Please see the inspector-glossary
for the concepts required to
understand this specification.
Problem description
Inspection is a pretty opinionated process. A few areas often require site-specific customizations:
- Auto-discovery. For example, credentials may be populated for new nodes following a certain pattern or by fetching them from a CMDB.
- Validation logic. Some operators want to fail inspection if the nodes do not fullfil certain criteria. In the context of auto-discovery, such a validation may be used to prevent unexpected machines from getting enrolled.
These requests can be covered by inspection hooks. But, as explained in alternatives, writing and deploying hooks can be too inflexible.
Proposed change
Migrate a streamlined version of introspection rules from Inspector.

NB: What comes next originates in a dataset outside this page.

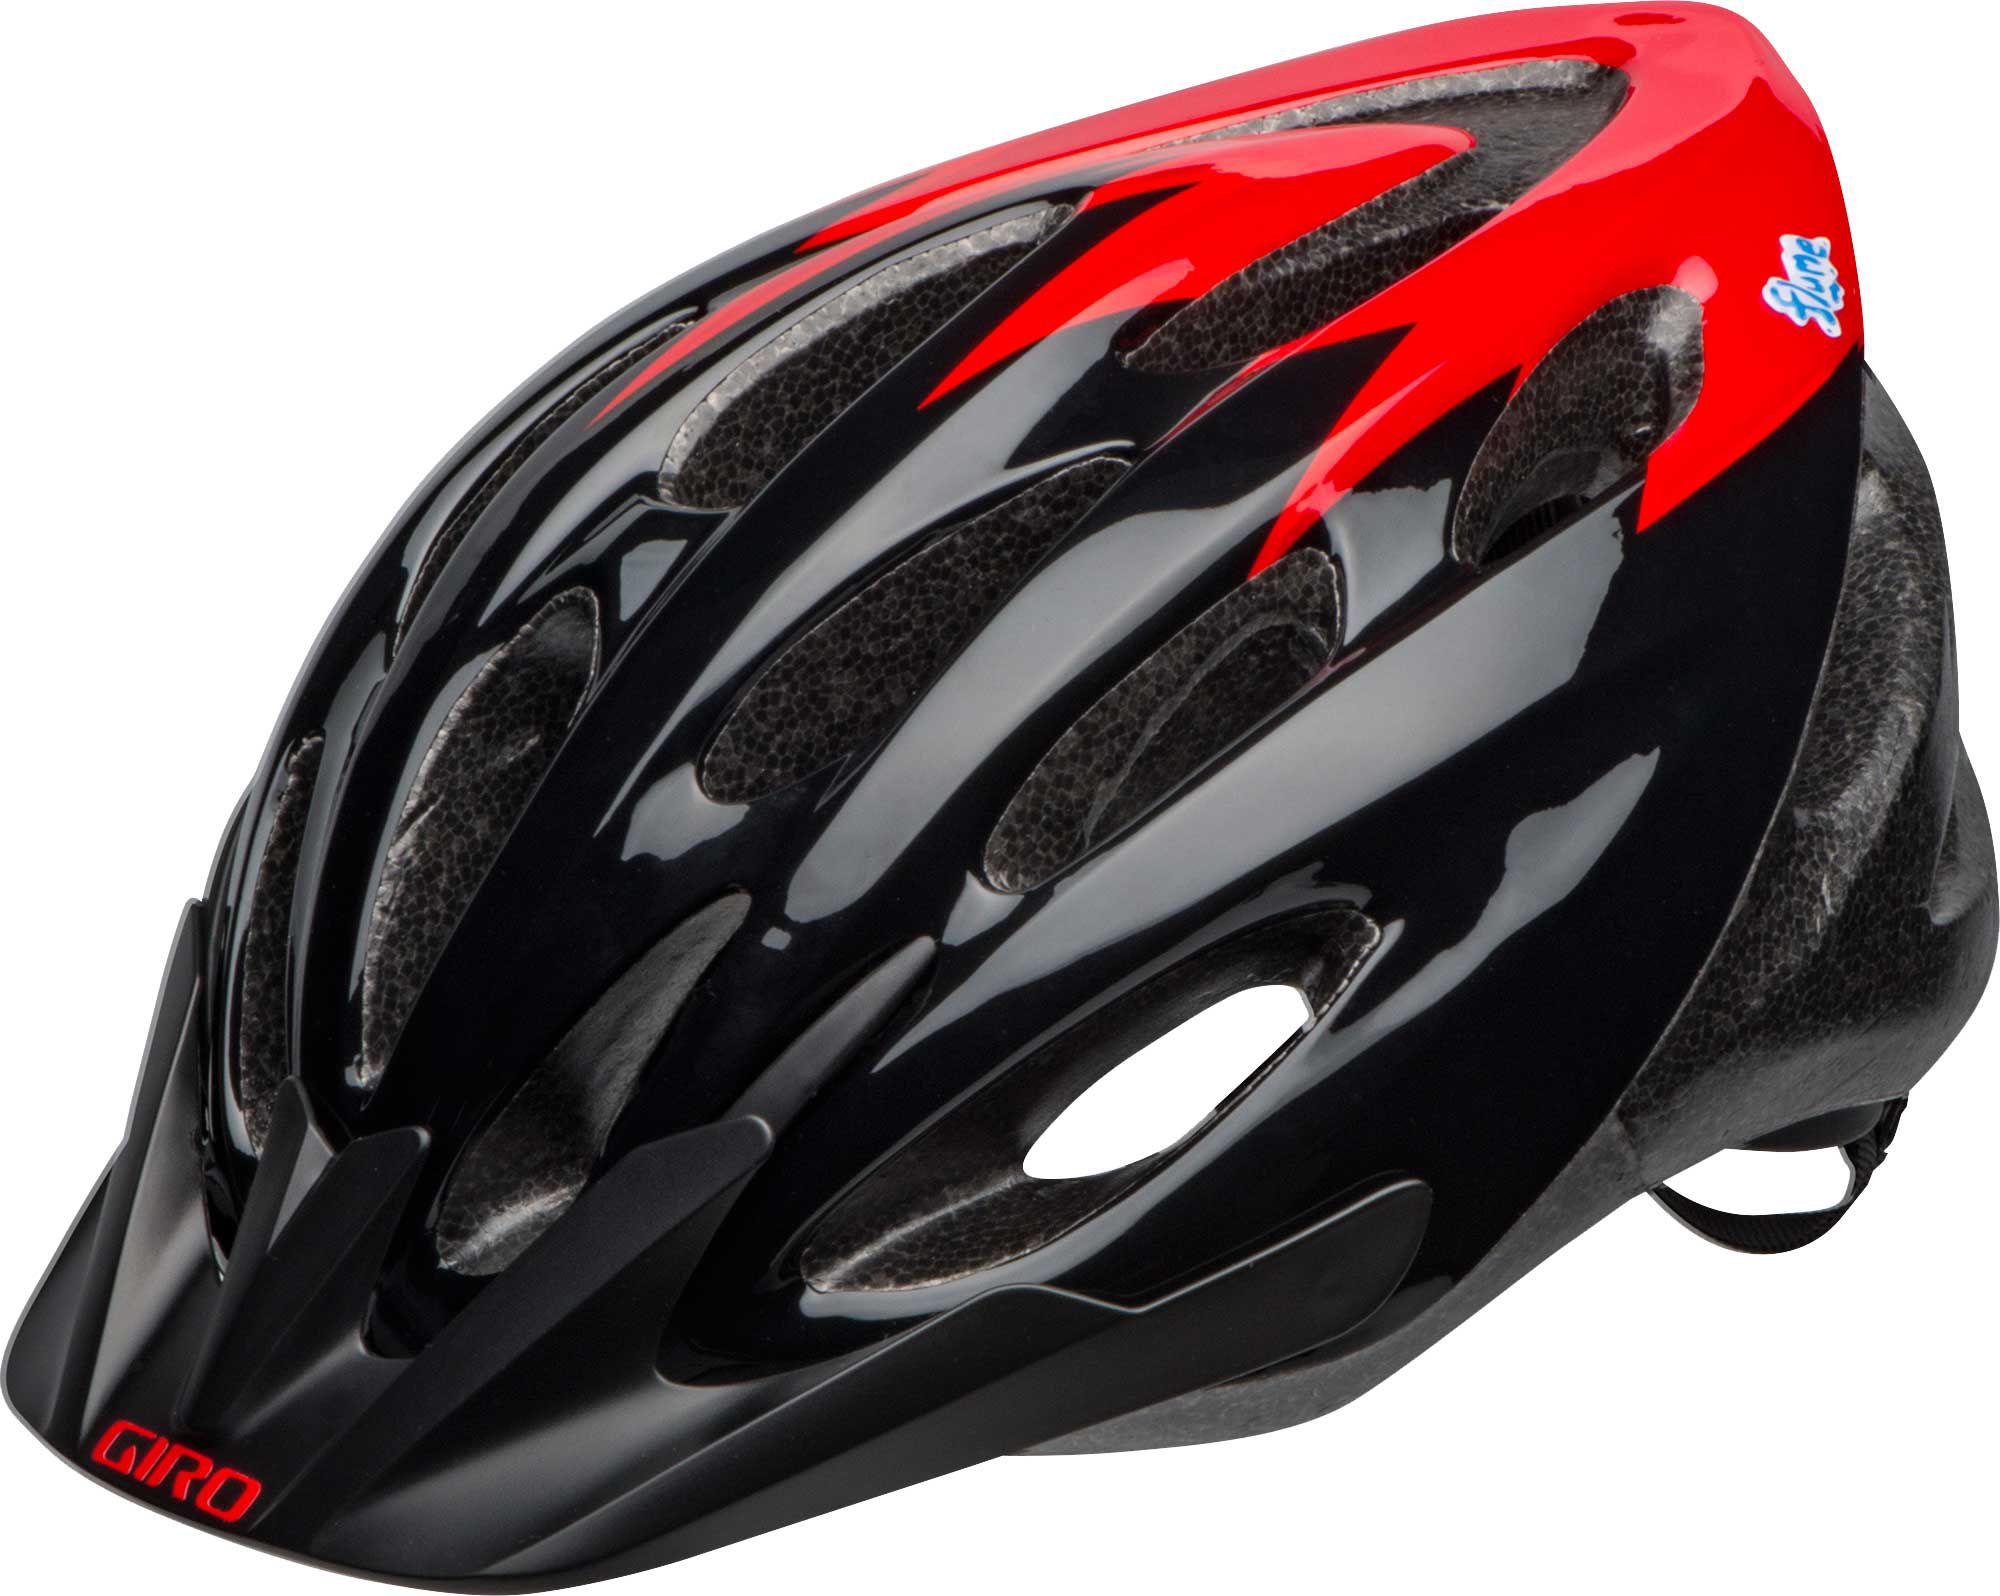 Cycling helmet photo

These useful features are added on top of what Inspector provides:
- Built-in rules
-
Allow operators to load rules from a YAML file. These rules will be always present, won't be stored in the database and won't be deletable. Such rules are both an easier way to write hooks and a replacement for awkward Inspector's configuration options such as
[discovery]enabled_bmc_address_version
. - Phases
-
In Inspector, rules are always run at the end of processing. We'll add a new field
phase
to rules with values:early
- run before any other processing, even before auto-discovery and lookup. Such rules will not have access to the node object.preprocess
- run after thepreprocess
phase of all inspection hooks, but before the main phase.main
(the default) - run after all inspection hooks.
- Updating rules
-
Inspector does not provide API for updating rules. There is no reason for that, and we'll add
PATCH
support for them. - Sensitive rules
-
Conditions and actions of the rules may contain sensitive information, e.g. BMC information. If a rule is marked as sensitive, its actions and conditions will not be returned as part of the
GET
request response. It will not be possible to make a sensitive rule not sensitive.Error messages resulting from running sensitive rules will also be a bit terse to avoid accidentally disclosing sensitive information.
- Priorities
-
In Inspector, rules are always run in the creation order. This is obviously inconvenient, so in Ironic we'll add priorities to them. Priorities between 0 and 9999 can be used by all rules, negative value and values above 10000 are reserved for built-in rules. The default priority is 0. Rules within the same priority are still run in the creation order for compatibility.
- Database storage
-
Currently, Inspector spreads each rule into three tables (rules, conditions and actions). This may be more correct from the database design perspective, but is actually inconvenient to work with, since conditions and actions are never accessed outside of a Rule context. Nor are rules ever accessed without their conditions and actions. This specification buts them as JSON fields inside the Rule table.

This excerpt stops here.